As part of the U.S. Food and Drug Administration’s risk-based and preventive approach to food safety, which is at the core of the FDA Food Safety Modernization Act, the agency began developing a new, more robust surveillance sampling approach in 2014. As the agency moves forward with this approach, it will continue to refine procedures based on lessons learned. The goals of the surveillance sampling are to keep contaminated products from reaching consumers and to facilitate a greater understanding of hazards.
The Sampling Approach
Under the new sampling approach, the FDA is collecting a statistically determined number of samples of targeted foods over a shorter period of time—12 to18 months—to ensure a statistically valid amount of data is available for decision making. The sampling approach will help the FDA determine if there are any common factors among positive findings such as season, region, and whether the product was produced domestically or imported. The FDA’s past approach to microbiological surveillance sampling has been to collect a relatively small number of samples for many different commodities over many years.
The sampling design for each food represents what U.S. consumers are likely to find in the marketplace. Accordingly, the agency has considered the volume of the target food that is imported and produced domestically and the number of states/countries that produce the target food.
During the first year of this new effort, the FDA focused on sprouts, whole fresh avocados, and raw milk cheese (aged 60 days).
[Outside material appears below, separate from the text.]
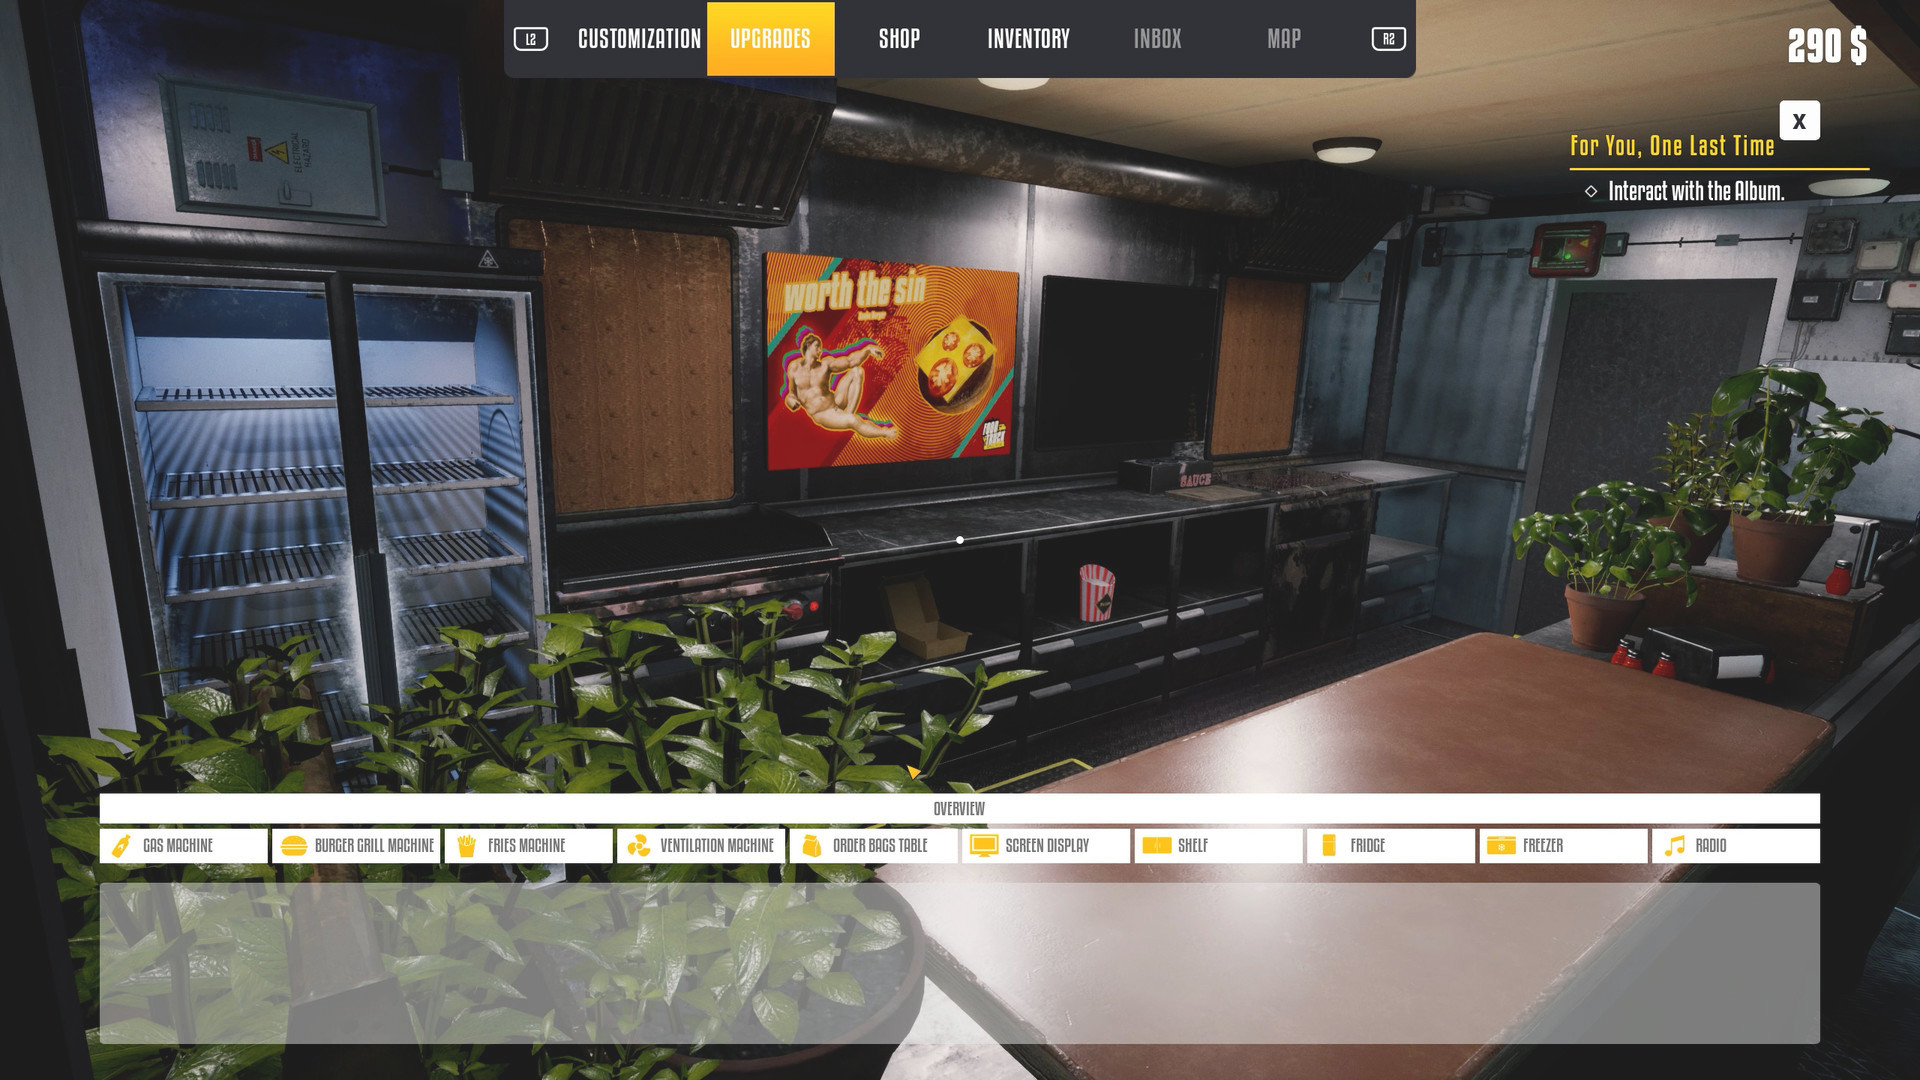 Review Food Truck Simulator (PC) - No lugar certo, na hora certa
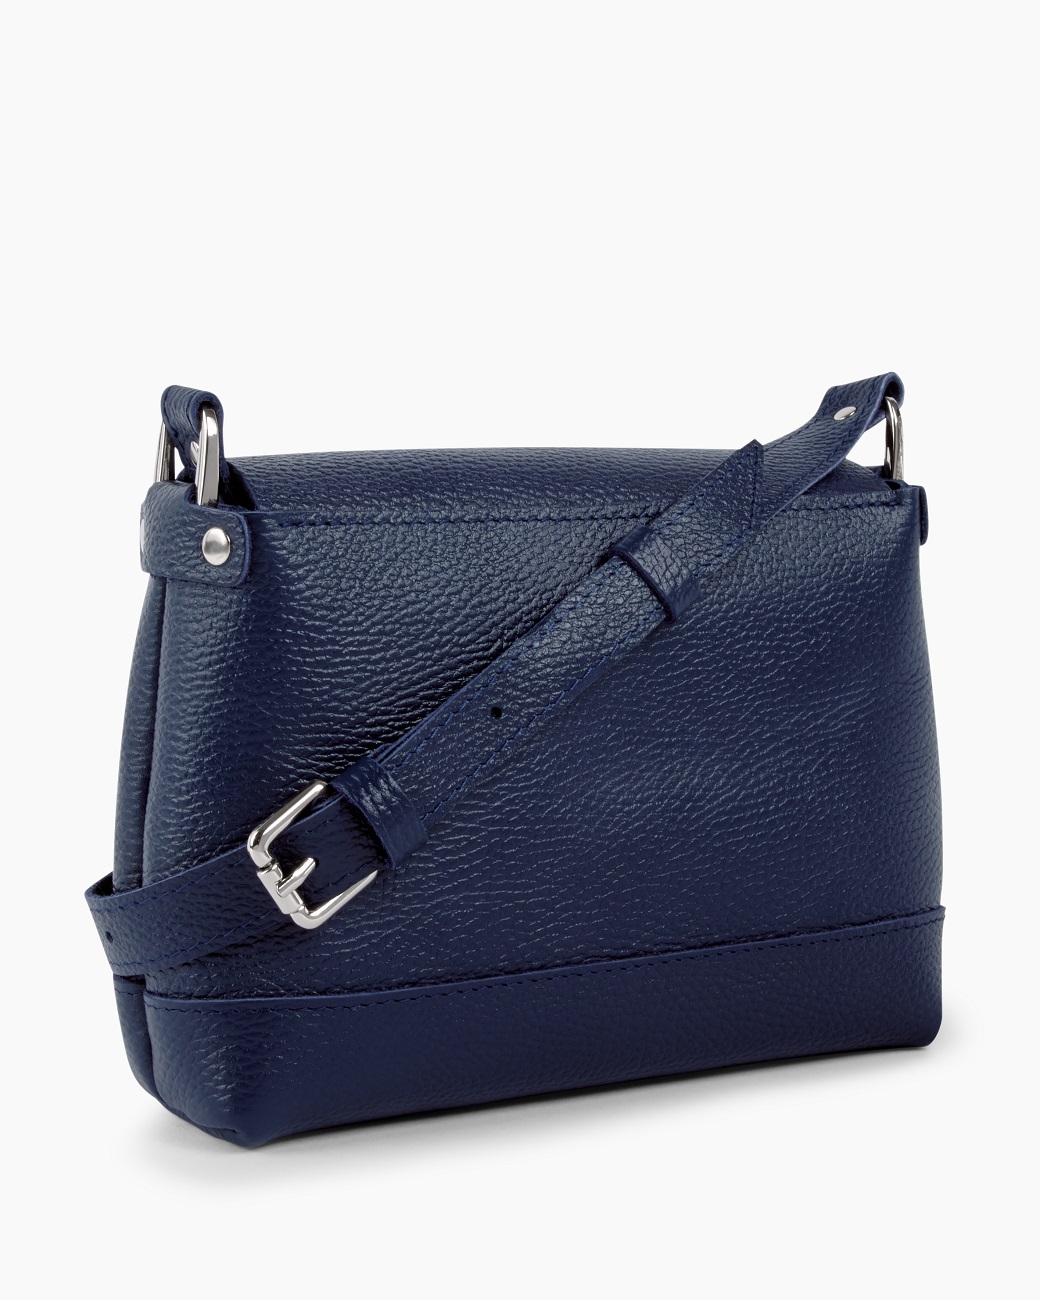 Женская сумка через плечо из натуральной кожи синяя A003 sapphire grain

The FDA collected more than 800 samples total and tested them for Salmonella, Listeria monocytogenes and E. coli O157:H7. For fiscal year 2016, The FDA will sample and test cucumbers and hot peppers for Salmonella and E. coli O157:H7, taking 1,600 samples of each commodity. The agency also plans to test hot peppers for Shiga toxin producing E. coli. The FDA will conduct whole genomic sequence testing on any samples that test positive. In the future, the number of samples collected of a targeted commodity may vary, depending on the question(s) the FDA intends to answer. Data from the sampling assignments already conducted will be released soon.
The FDA will evaluate the data or results generated throughout the sample collection period and use the data to inform the agency’s short and longer term decision making. By developing these data sets, the FDA seeks to identify potential vulnerabilities and ways to enhance the food safety system.
Depending on the results, the FDA may react or take certain steps, such as:
- Decreasing sampling, if few positive samples are obtained;
- Implementing more targeted sampling if trends are identified; for example, if positive samples come from a specific geographic region, a specific facility, or during a particular season;
- Follow-up inspections;
- Working with state or international regulatory partners to take corrective actions and implement preventive controls;
- Developing new or enhanced industry guidance; and
- Conducting outreach and information sharing to better protect consumers.